Алексей замолчал, пытаясь собраться с мыслями, а по толпе прокатился рокот.
— Я мог бы вас всех оставить на улице, но не стану этого делать. Как я говорил ранее, жалование будет выплачиваться всем, кто выходит на подсобные работы и стройку. Потому что часть вины за случившееся есть и на мне. Потому что быть дворянином — значит нести ответственность за всех людей, принятых под крыло рода. За всех работников, за их поступки и за их ошибки. А достойны ли вы этой ответственности — пусть решит ваша совесть! Сергей Максимович, выплатите работникам за прошлый месяц, но в первую очередь пострадавшим.

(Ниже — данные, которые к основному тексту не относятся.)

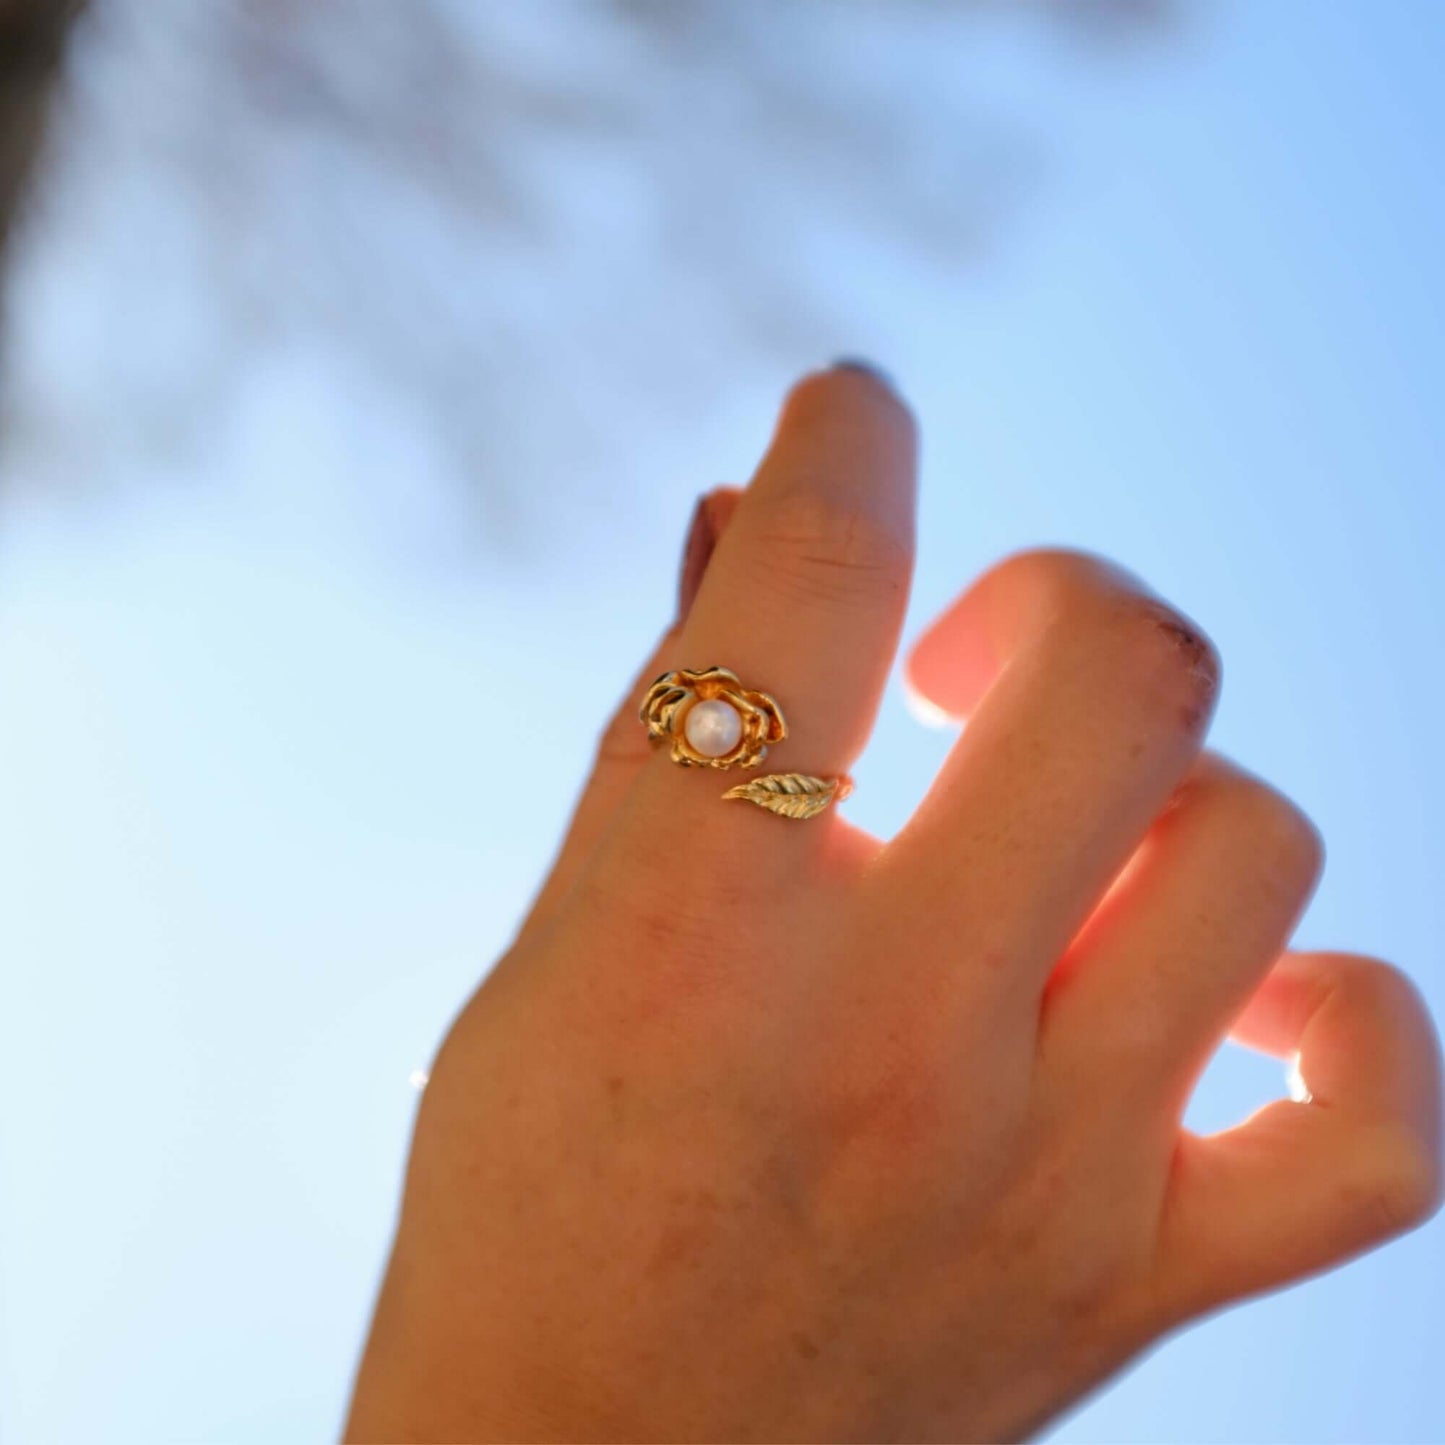 The Little Prince Rose Flower Pearl Open Ring: Floral Leaf Design, Pearl Ring, Pearl Flower Ring,  Leaf Ring, Unique Gift for Her,

Закончив с речью, Алексей просто спустился вниз и направился к авиетке. Толпа разошлась в стороны, пропуская его и сопровождение. Он слышал перешептывания, но упорно смотрел только вперёд. На душе было мерзко и горько.
***
Денису Давыдову не оставалось ничего, как только думать. Отнялись руки, ноги, отказала речь, но голова работала. Первую неделю он мысленно костерил на все лады свою семью и особенно сына. Обещал себе разобраться с поганцем, как только встанет на ноги. Но время шло, а даровых лекарей не появлялось. Сын навещал его лишь для того, чтобы получить разрешение на очередные траты, а поскольку князь ничего возразить не мог, то его молчание признавалось согласием.
Потом князь начал молиться, вопрошая: за какие грехи ему это наказание? Не жизнь, не смерть, а полная беспомощность. Неспособность хоть как-то повлиять на происходящее, остановить, добиться справедливости. А вслед за молитвами начали приходить воспоминания. Многие. О том, где он поступал не по совести, где обманывал, подкупал, пользовался положением.
Вспомнил, как по его приказу шулера обобрали Волкова, вынудив того за копейки продать Давыдову нужные земли. Как покупались судебные решения, как одним росчерком пера была затоплена деревня, когда ему понадобилась плотина. И неважно было, что крестьянам дали всего три дня, чтобы освободить дома без всякой компенсации.
А вслед за молитвой пришло покаяние. Князь бы с радостью исповедался, да не было священника, а хоть бы и был, он всё равно не мог бы сказать и слова. Так что оставалось лишь уповать на Господа. А через месяц он уже просил о смерти, потому что жить так было невыносимо.
Приставленные к нему слуги, с попустительства, а может по наущению наследника, свою работу делали абы как. Кормили, не заботясь об удобстве, порой и вовсе забывая о нем. А пелёнки под ним могли не менять сутками, оставляя князя лежать на мокром.
«Что? Мокром?» — вдруг встрепенулся Давыдов, понимая, что ощущает дискомфорт и легкую боль от пролежней.